Литмир - Электронная Библиотека

— Как вам не стыдно такое говорить, Иван Васильевич? У всех моих предков рабоче-крестьянские корни, иначе бы меня в Комсомол не приняли.

— Да шучу я, шучу, голубушка. Фотограф открыл чехол своей «Лейки», которую держал в руках. — Давай-ка, я тебя сфотаю на память, у меня здесь, похоже, еще один кадр остался, а то неизвестно, когда ты еще в таком виде сюда придешь. Или я вас двоих вместе, вставайте рядышком, очень вы друг с другом гармонируете.
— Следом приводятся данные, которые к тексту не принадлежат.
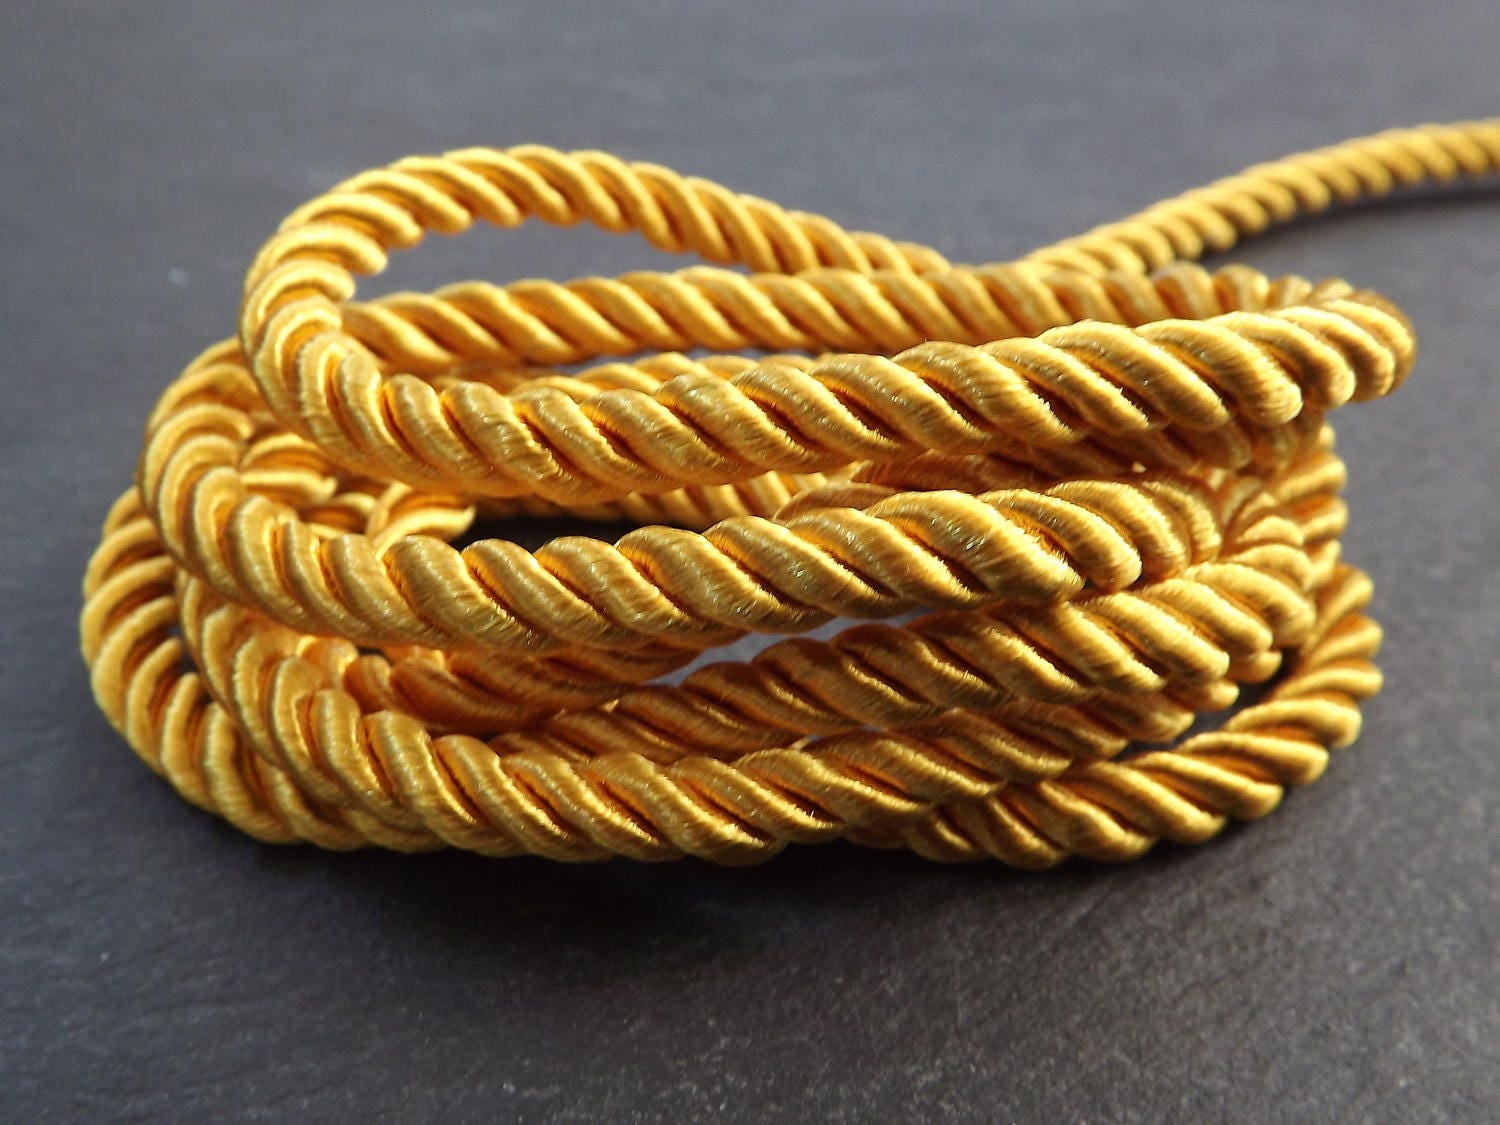 Warm Yellow 5mm Twisted Rayon Satin Rope Silk Braid Cord - 3 Ply Twist - 1 meters - 1.09 Yards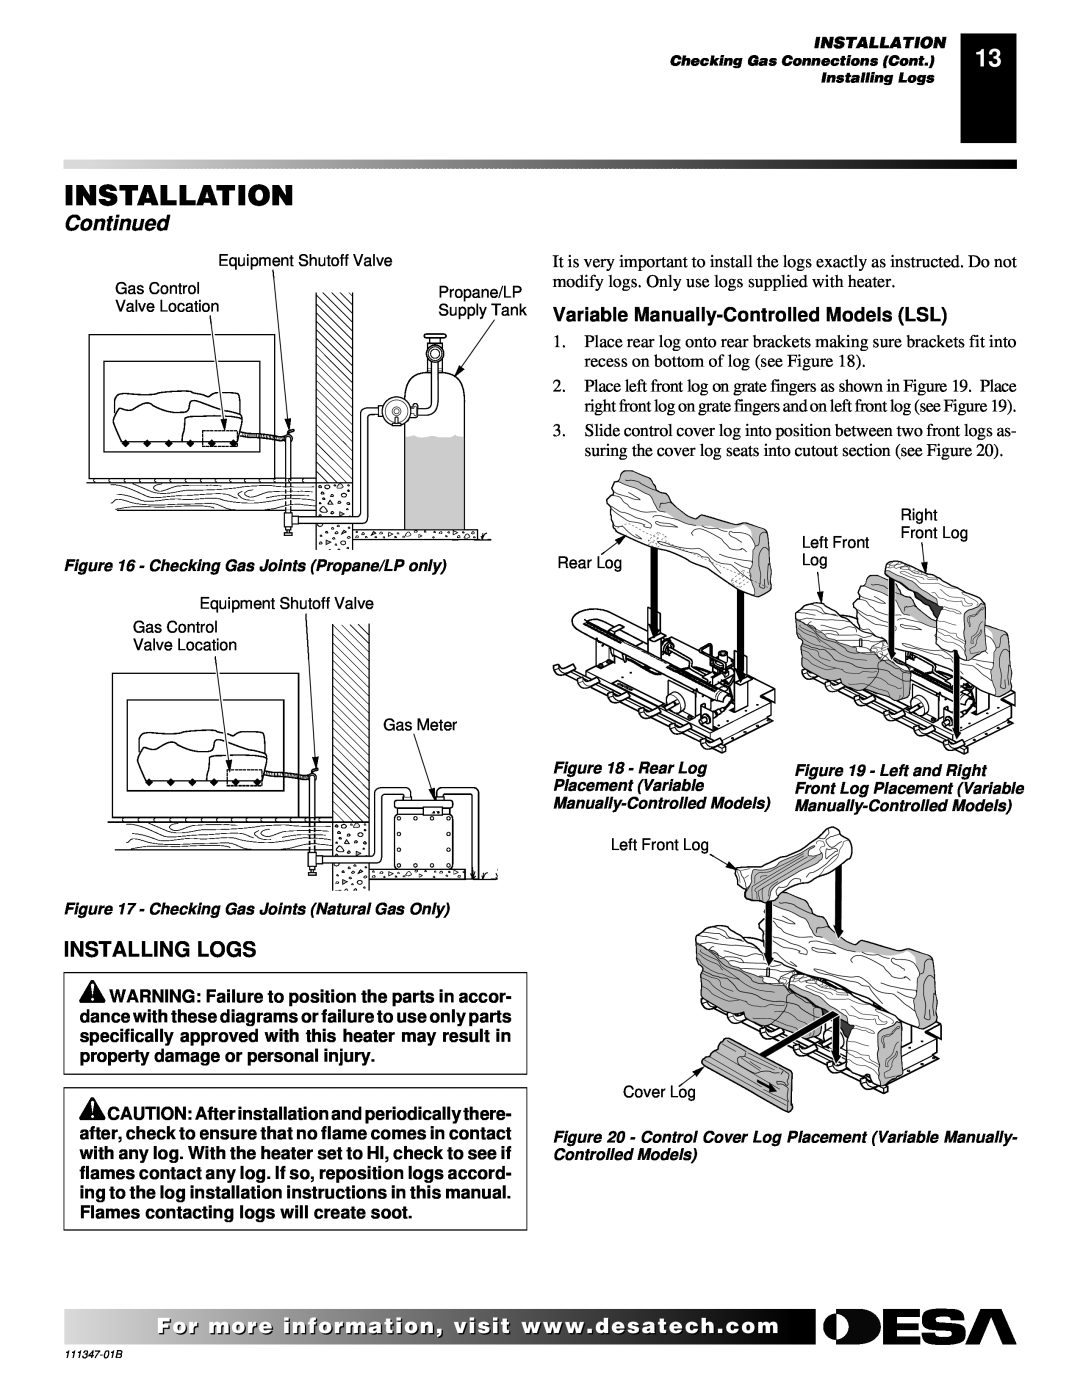 Desa LSL3124N installation manual Installing Logs, Variable Manually-ControlledModels LSL, Installation, Continued

— Ну, вот еще, не хочу, — зарделась Галя, хотя, наблюдающие за ней, сразу бы поняли, что ей по сердцу такое предложение, но признаваться в этом она не хочет.

А Николай, который в этот момент на нее не смотрел, ничего не заметил, а рассмеялся и пошел на свое рабочее место, не дождавшись окончания процесса фотографирования.

Глава 7

Утром следующего дня Галина появилась на работе, когда время приближалось уже к обеду. Она, ни с кем не здороваясь, прошла в конец помещения, к своему рабочему месту, всхлипывая и прикрывая зареванное лицо платком. К ней тотчас устремились Валя и Зоя, и она стала что-то им рассказывать, утирая слезы и временами размахивая руками.

Иван Антонович поначалу не обращал на это никакого внимания, затем встал, открыл ключом кабинет начальника и пригласил их всех троих туда. Галя снова начала что-то рассказывать, а ее подруги снова слушали и  кивали, но продолжалось это недолго.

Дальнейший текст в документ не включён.